The problem is that most can rarely predict what one market is going to do next week, let along figure out what a slew of markets are going to do over the next year.

See also: The Top 10 Reasons Why Yields Have Fooled Investors

Exhibit A in my argument against average investors utilizing a “macro view” approach would be the current “consensus view” on interest rates.

Something Everyone Knows…

The phrase “something everyone knows isn’t worth knowing” really applies here.
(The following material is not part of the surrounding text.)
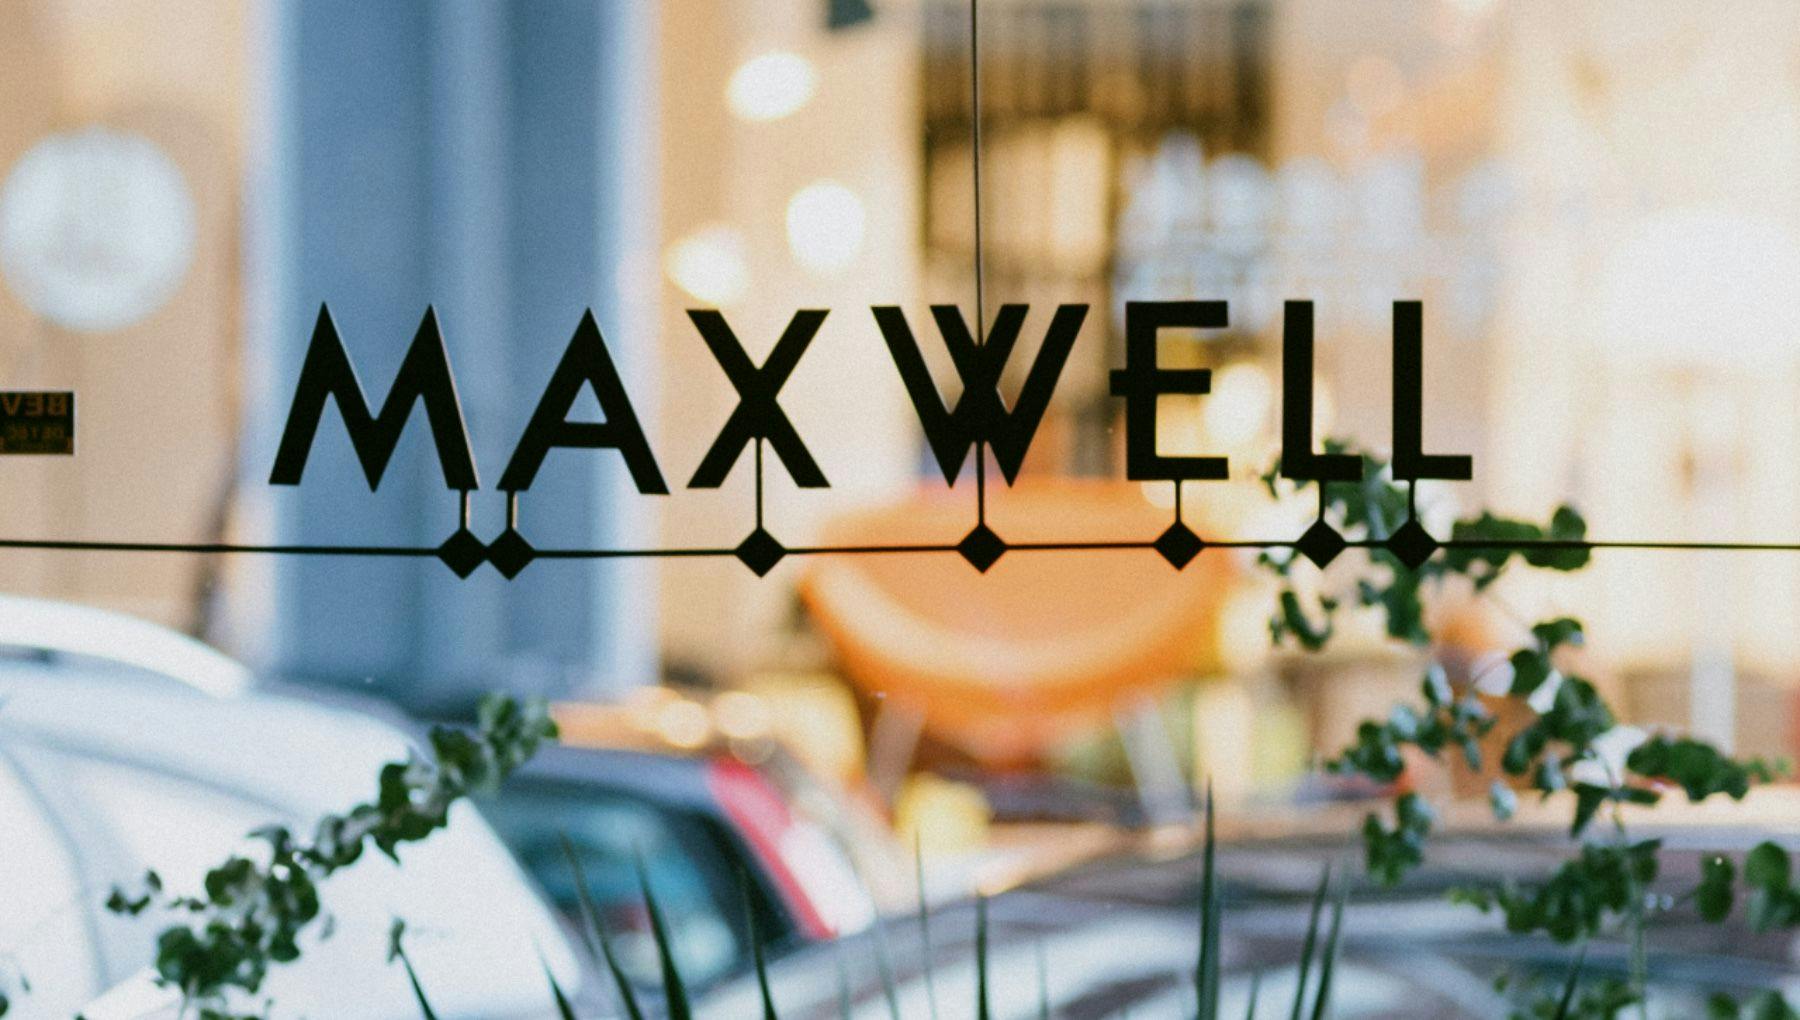 Café Maxwell exterior logo

Ask yourself, what did just about every analyst on the planet expect interest rates to do in 2014? If you answered, “go up,” go ahead and give yourself a gold star because you nailed it. Yep, that’s right; most everyone, everywhere expected to see rates rising in 2014. And what have they done so far, you ask?

Check the chart below.

30-Year Treasury Yield – Daily

Hmmm… the yield of the U.S. Gov’t 30-Year Treasury Bond has moved from 3.964 percent on December 31, 2014 to 3.503 percent as of Tuesday’s close (which is up from the year’s low of 3.454 percent seen three days ago).

This means that the yield on the 30-year has FALLEN 46 basis points – a decline of 11.6 percent – in less than four months.

What gives?

As Paul Schatz of Heritage Capital LLC wrote on Tuesday:

  • IF the employment data are improving…
  • IF retail sales remain strong…
  • IF the Fed is tapering because the economy is doing better…
  • IF consumer sentiment is constructive…
  • IF shipments at Port of LA see largest increase in seven years…

Then why is the most economically sensitive bond’s yield falling out of bed like something dark is lurking?
Why indeed, Paul?

And for the record, Mr. Schatz has been bullish on bonds for the majority of 2014 – nice call.